3. Tale decreto è stato impugnato per cassazione da O.H. con ricorso fondato su tre motivi.

Il Ministero dell’interno non ha notificato controricorso, ma solo chiesto di partecipare all’eventuale discussione in pubblica udienza.

RAGIONI DELLA DECISIONE

1. Col primo motivo il ricorrente prospetta il vizio di omesso esame d’un fatto decisivo, nonché quello di “erronea valutazione delle prove allegate dalle parti”.

Nella illustrazione del motivo il ricorrente afferma che il Tribunale non avrebbe indagato ex officio “sui pericoli di persecuzione che l’esponente rischia nel suo paese”; che “il ritorno del ricorrente nel paese di origine in un momento in cui la situazione dei diritti umani continua a suscitare preoccupazione, rappresenta motivazione più che sufficiente a metterlo in serio pericolo di vita”; che in ***** la polizia è corrotta e sono diffuse la violenza sulle donne e quella domestica; che se il Tribunale avesse considerato i suddetti elementi avrebbe dovuto concedere la richiesta protezione.

1.1. Il motivo è infondato.

Il ricorrente, in sostanza, sviluppa il seguente ragionamento:

-) il giudice deve indagare ex officio sulla esistenza di un rischio persecutorio a carico del richiedente asilo;

-) nel caso di specie il giudice non ha indagato;

-) se avesse indagato avrebbe accertato la sussistenza del suddetto rischio. Ma in contrario va osservato che:

-) nessuna indagine officiosa doveva essere compiuta dal giudice, quando ritenga inattendibile il richiedente asilo, con riferimento alle ipotesi di cui al D.Lgs. 19 novembre 2007, n. 251, art. 14, lett. a) e b), (rischio di persecuzione);

-) con riferimento all’ipotesi di cui al D.Lgs. 19 novembre 2007, n. 251, art. 14, lett. c), (rischio di pericolo derivante da conflitto armato) l’indagine officiosa il Tribunale l’ha compiuta; l’ha fatto sulla base di fonti attendibili ed aggiornate, ed ha escluso la sussistenza in ***** d’una situazione di guerra;

-) con riferimento alla protezione umanitaria, infine, il Tribunale ha rigettato la domanda sul presupposto che lo stesso ricorrente aveva affermato “di vivere benissimo in ***** grazie al lavoro del padre come camionista”, affermazione che non viene censurata dal ricorrente.
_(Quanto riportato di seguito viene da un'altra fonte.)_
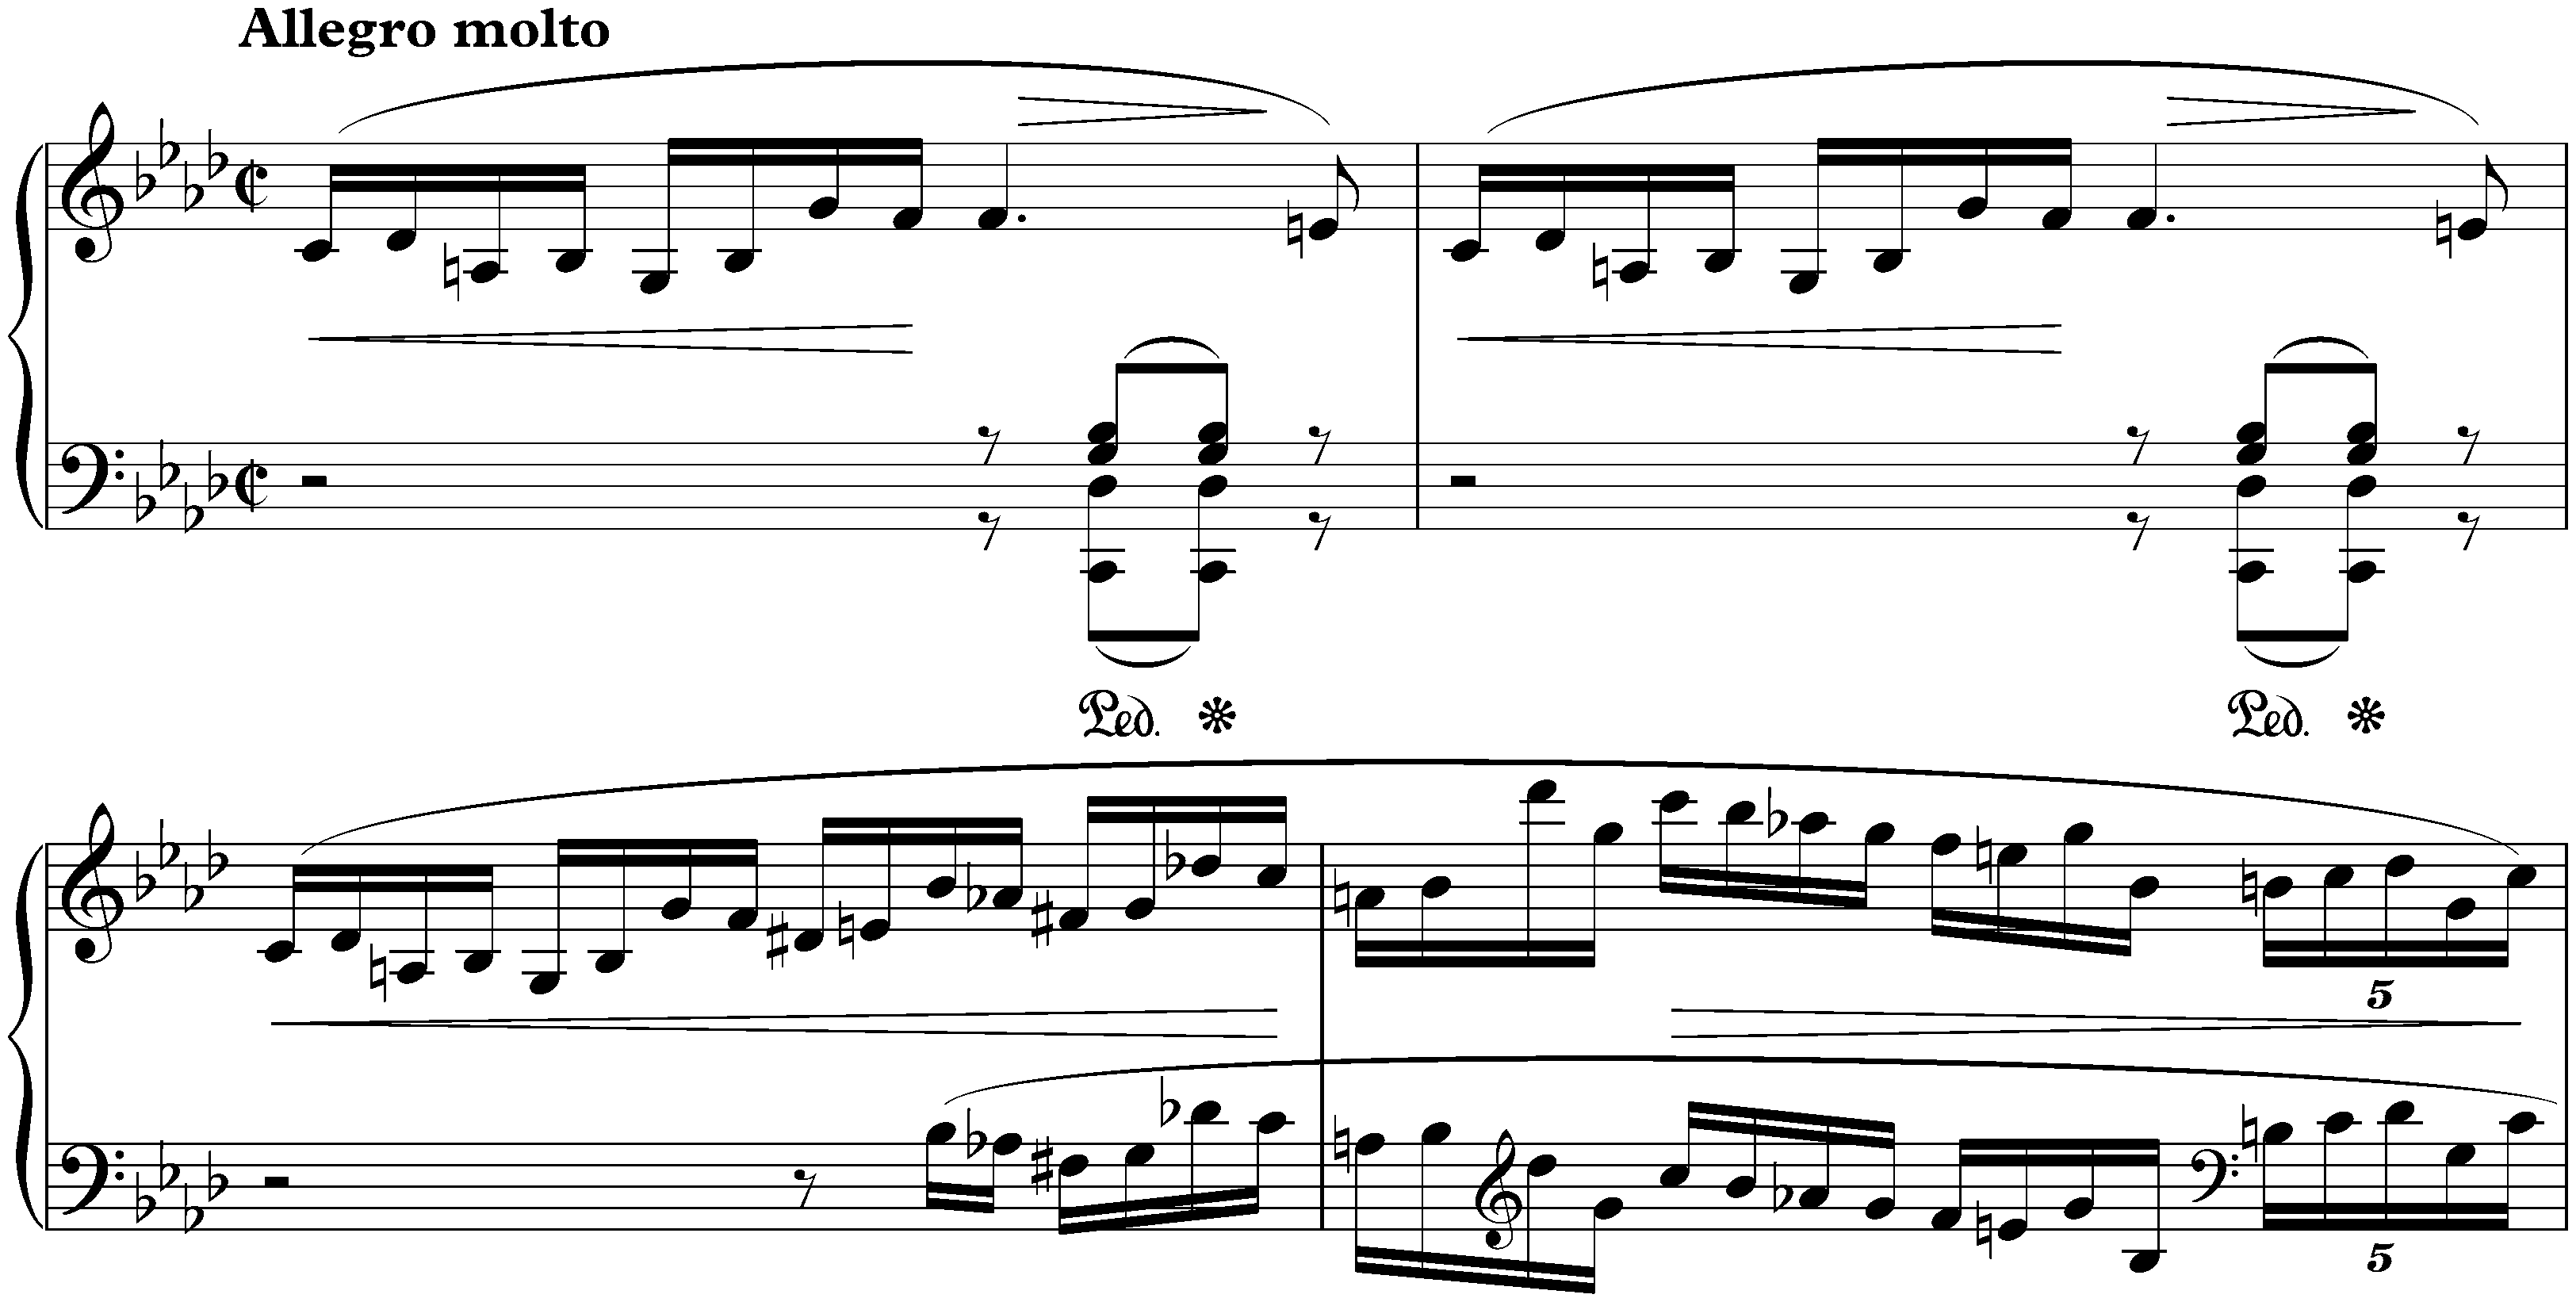 Twenty-four Préludes, op. 28; 18. F minor

2. Col secondo motivo il ricorrente lamenta, ai sensi dell’art. 360 c.p.c., n. 3, la violazione del D.Lgs. 19 novembre 2007, n. 251, artt. 7 e 8.

Nella illustrazione del motivo sostiene che il Tribunale avrebbe, rigettando la sua domanda, “palesemente violato il D.Lgs. n. 251 de 2007, art. 7”.

2.1. Il motivo è inammissibile.

La censura proposta con questo secondo motivo, infatti, consiste unicamente nella trascrizione di una norma della convenzione di Ginevra, di due massime giurisprudenziali, e nell’enunciazione di un principio di diritto astratto.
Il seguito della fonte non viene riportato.